◆ Given material:
####################

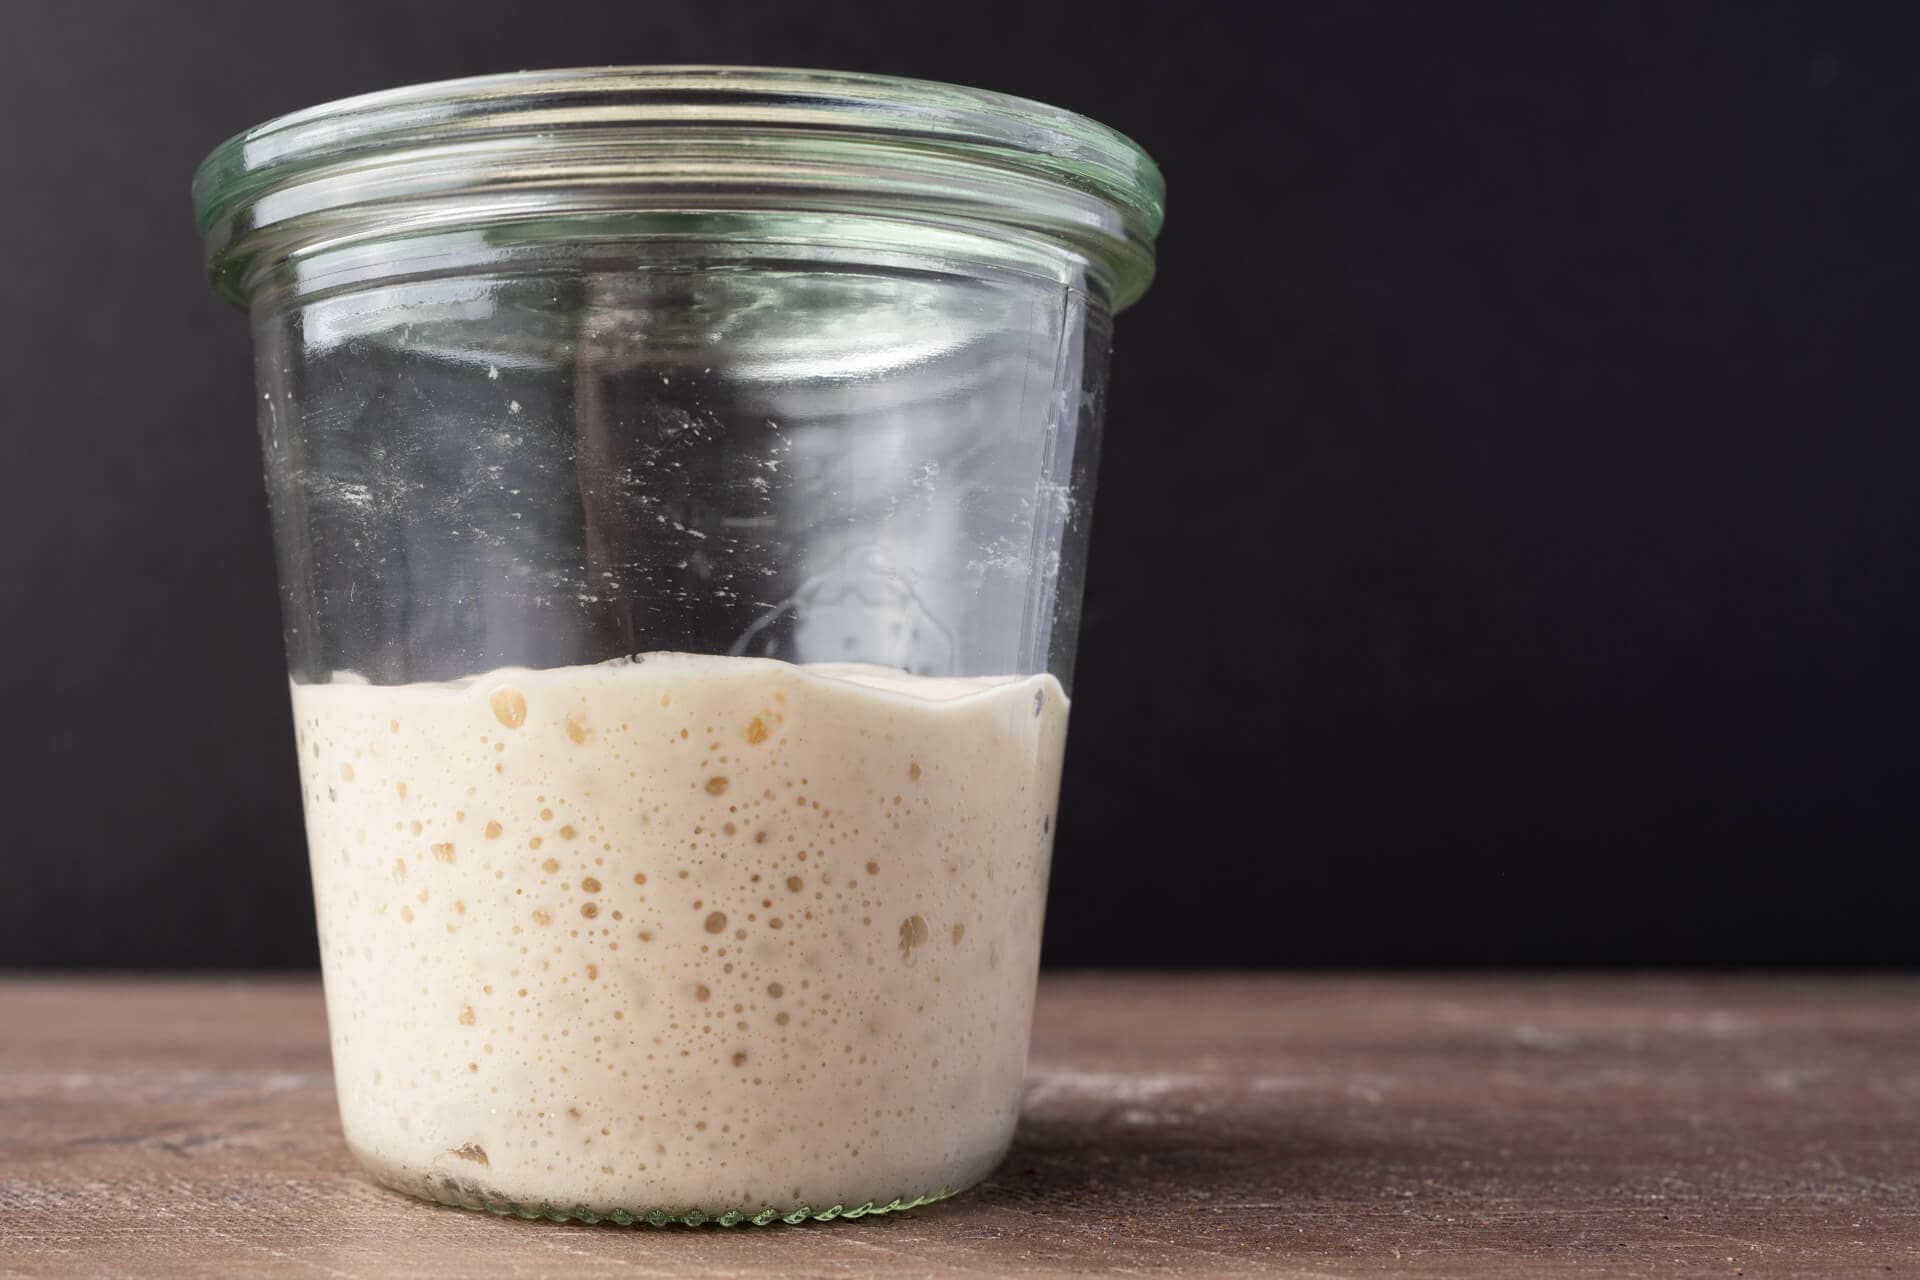 How Does Sourdough Starter Work and How to Get One Started? - The
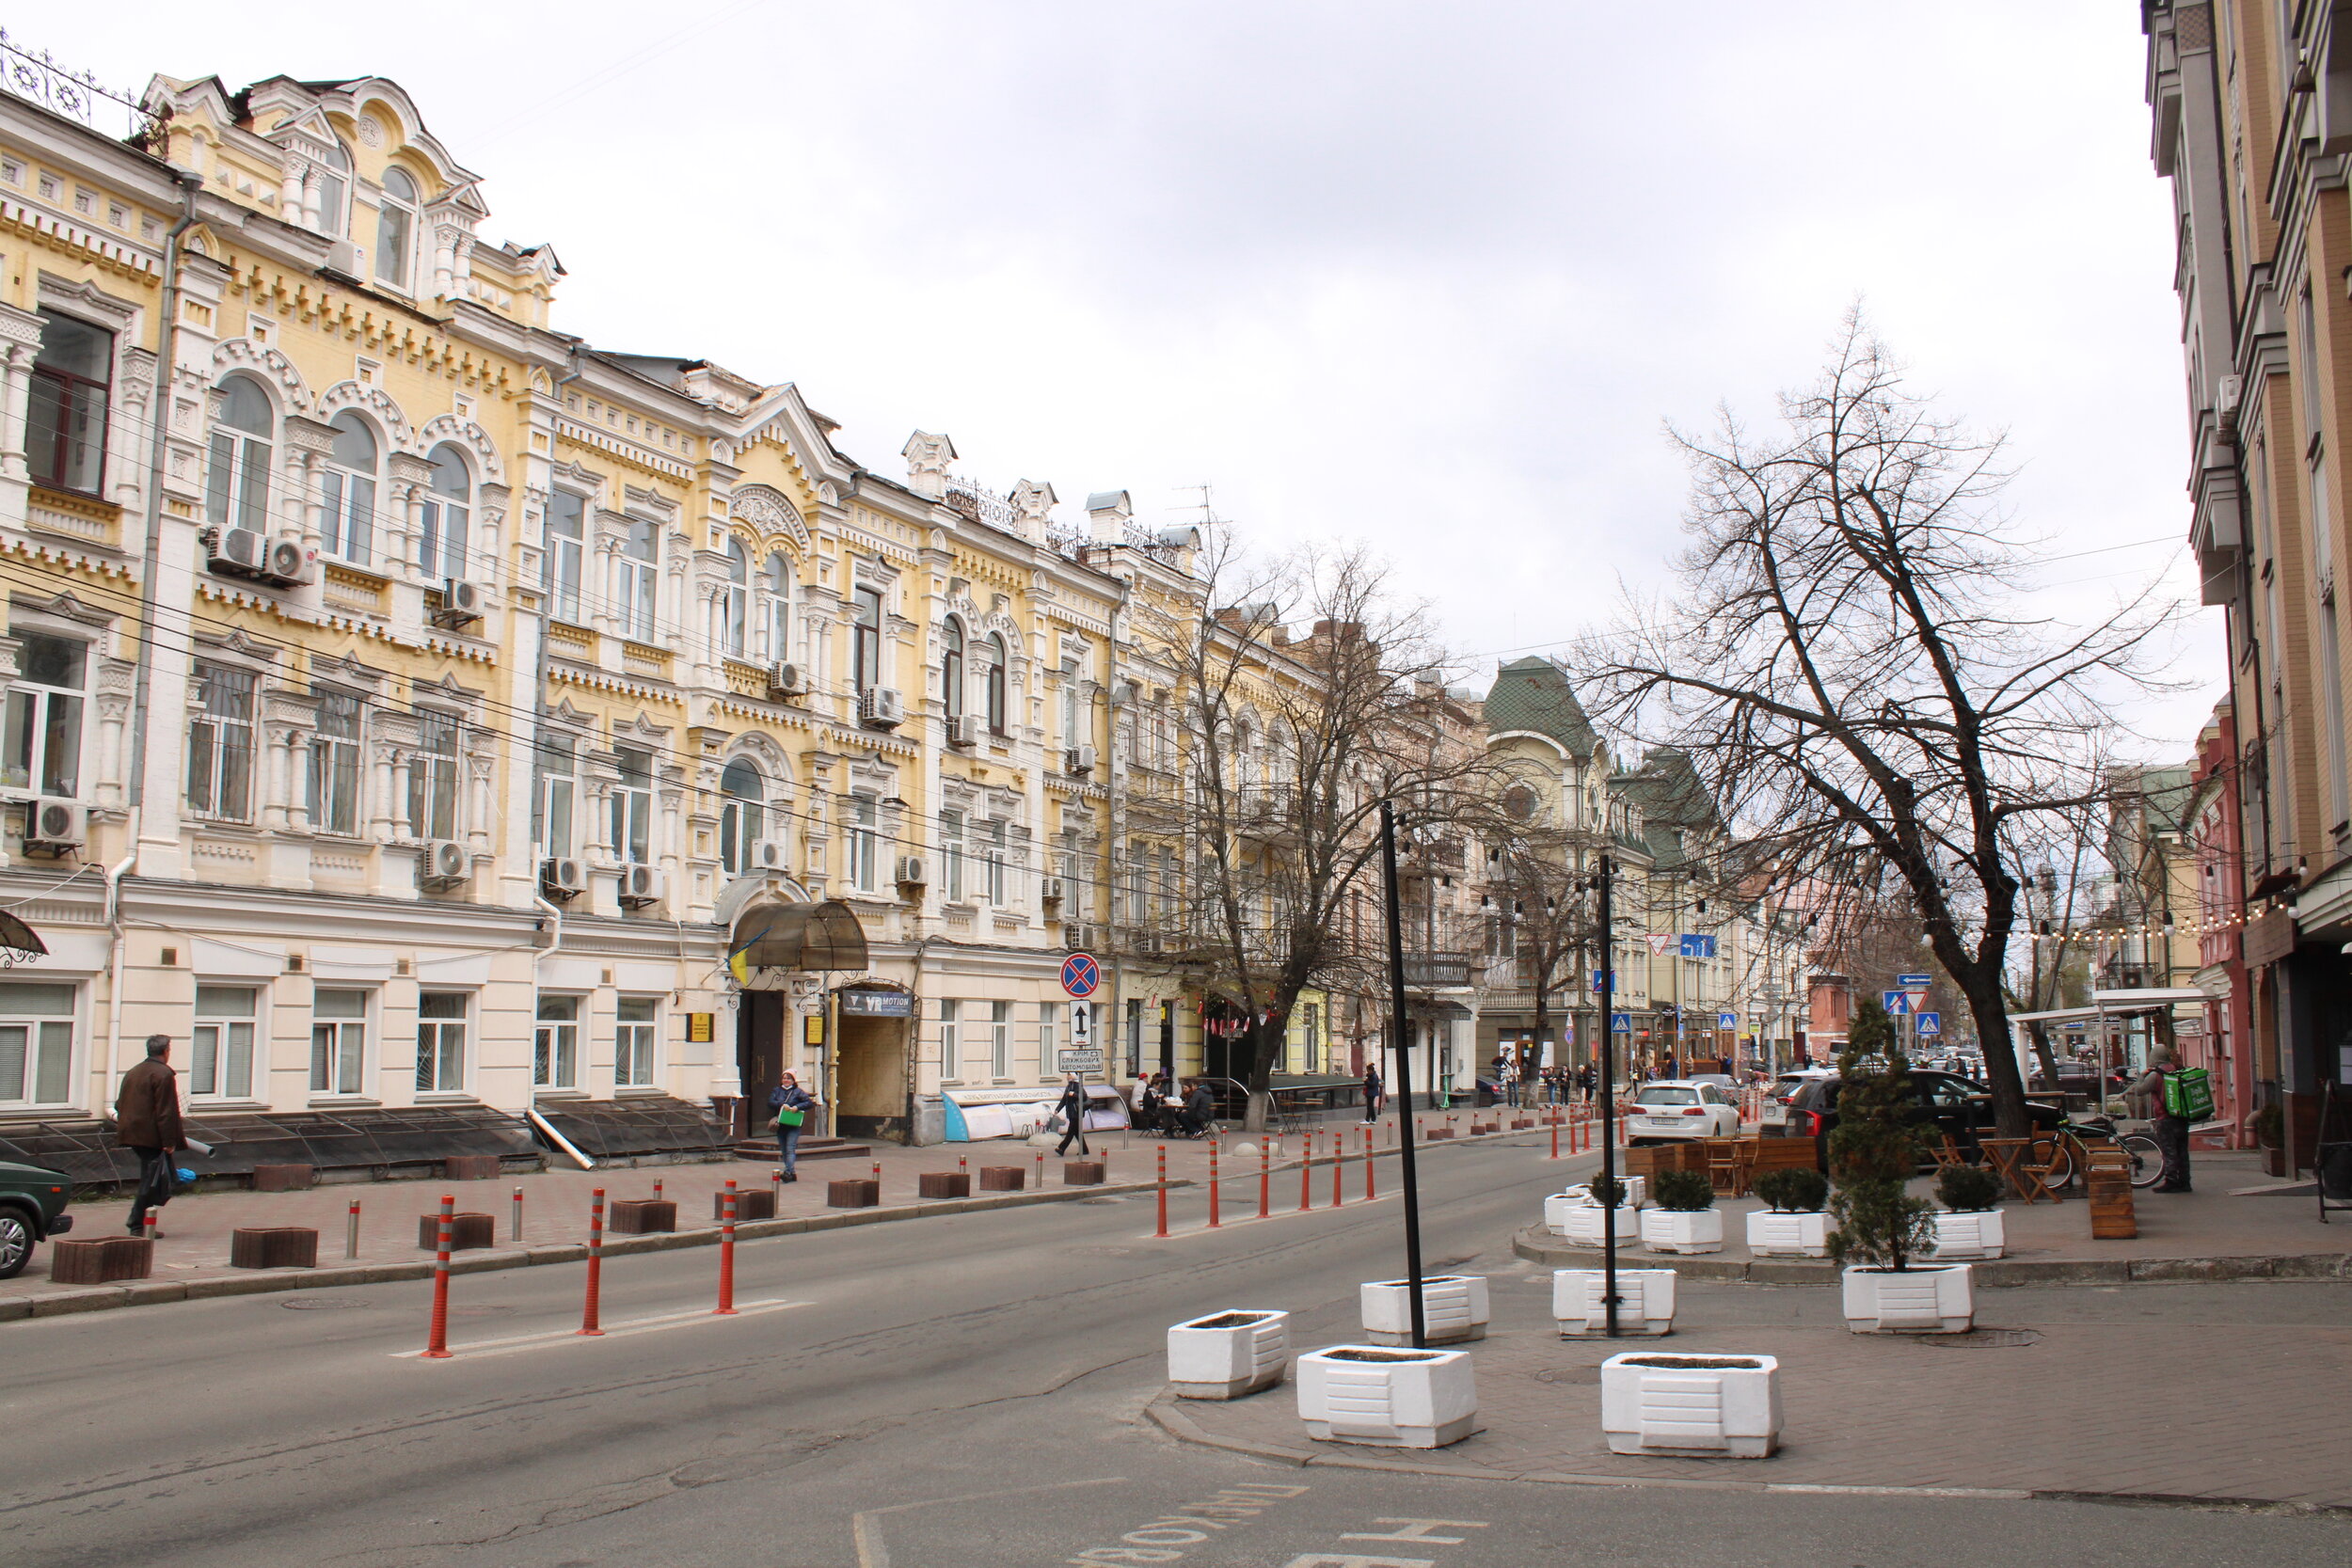   KYIV, Ukraine. April 19th, 2021. PICTURED:  A boulevard in the oldest neighborhood in Kyiv, lined with colored-brick buildings and chestnut trees. 
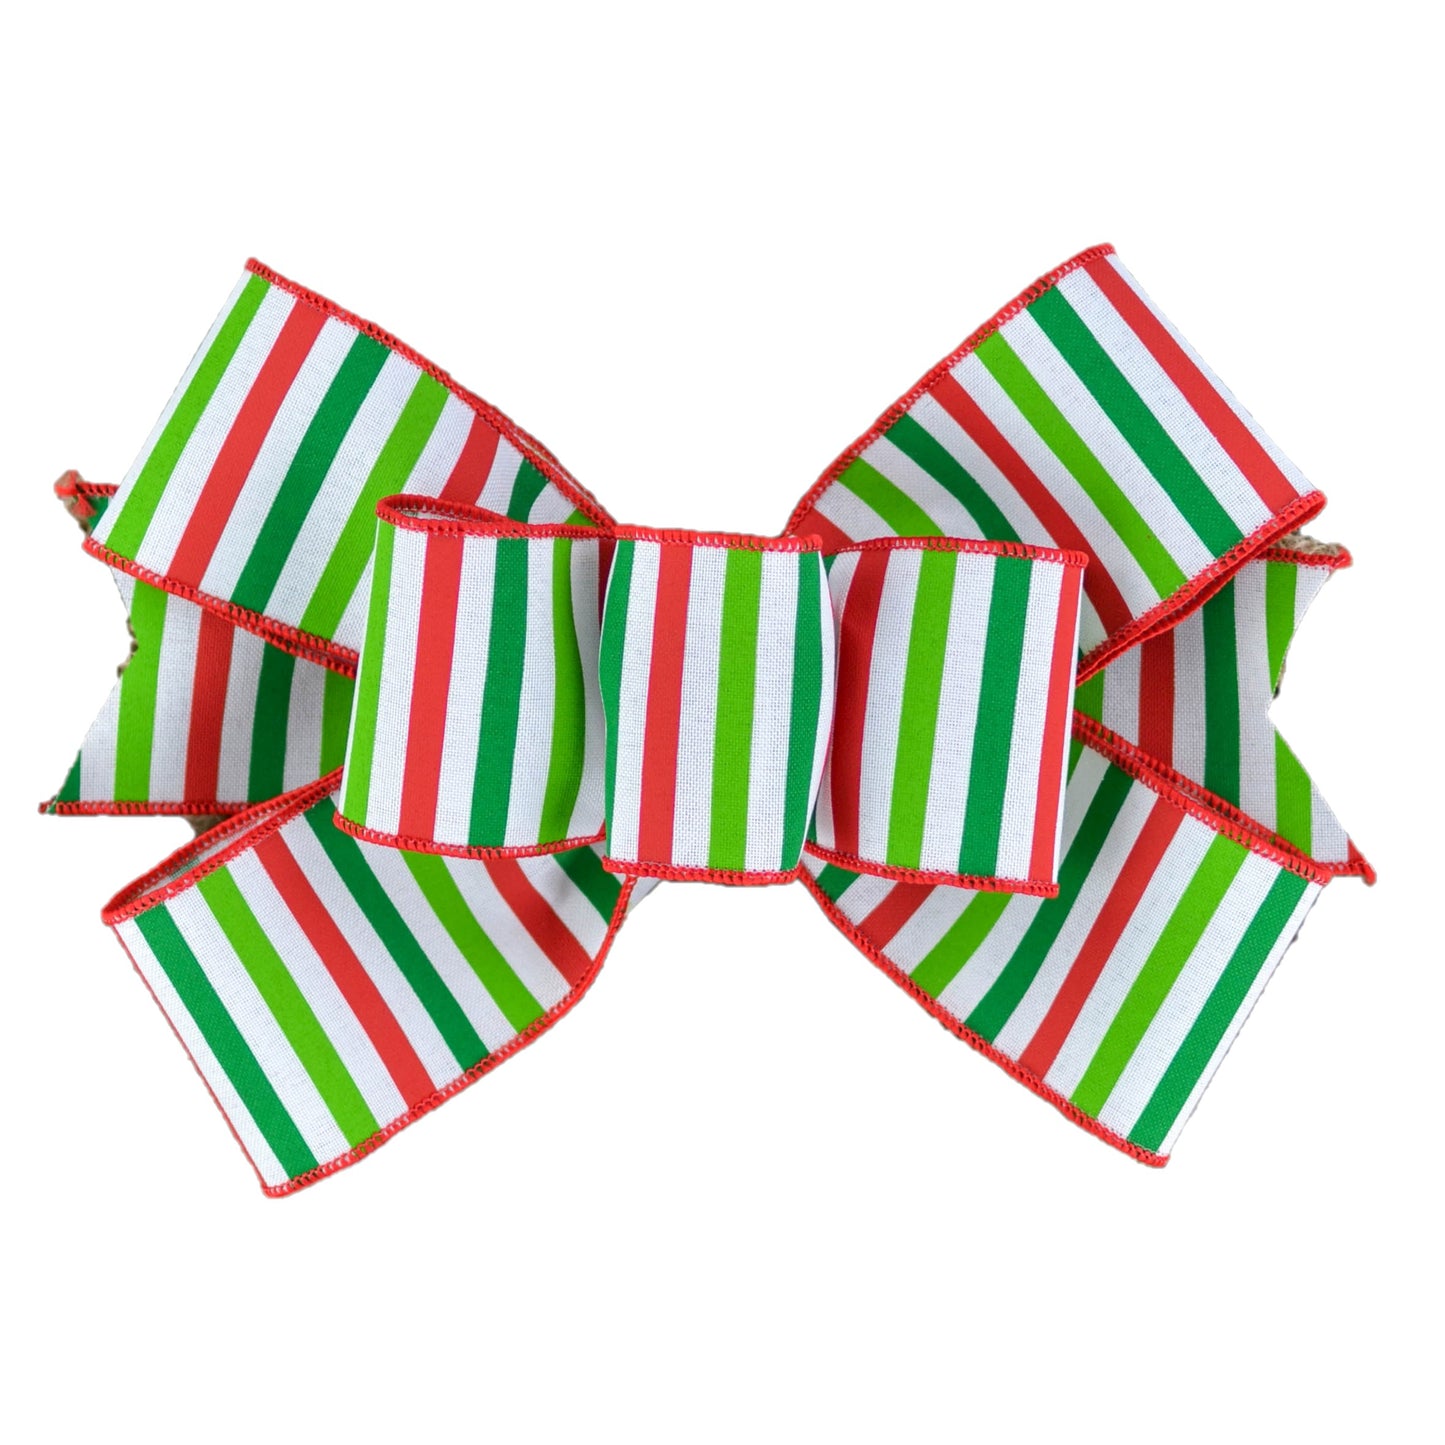 Red, Lime, White Stripe Christmas Add On Wreath Bow - Wreath Embellishment for Already Made Wreath

####################

◆ Your instructions: Output an exact copy of the material, with the pictures removed.

◆ Answer box:
 How Does Sourdough Starter Work and How to Get One Started? - The
   KYIV, Ukraine. April 19th, 2021. PICTURED:  A boulevard in the oldest neighborhood in Kyiv, lined with colored-brick buildings and chestnut trees. 
 Red, Lime, White Stripe Christmas Add On Wreath Bow - Wreath Embellishment for Already Made Wreath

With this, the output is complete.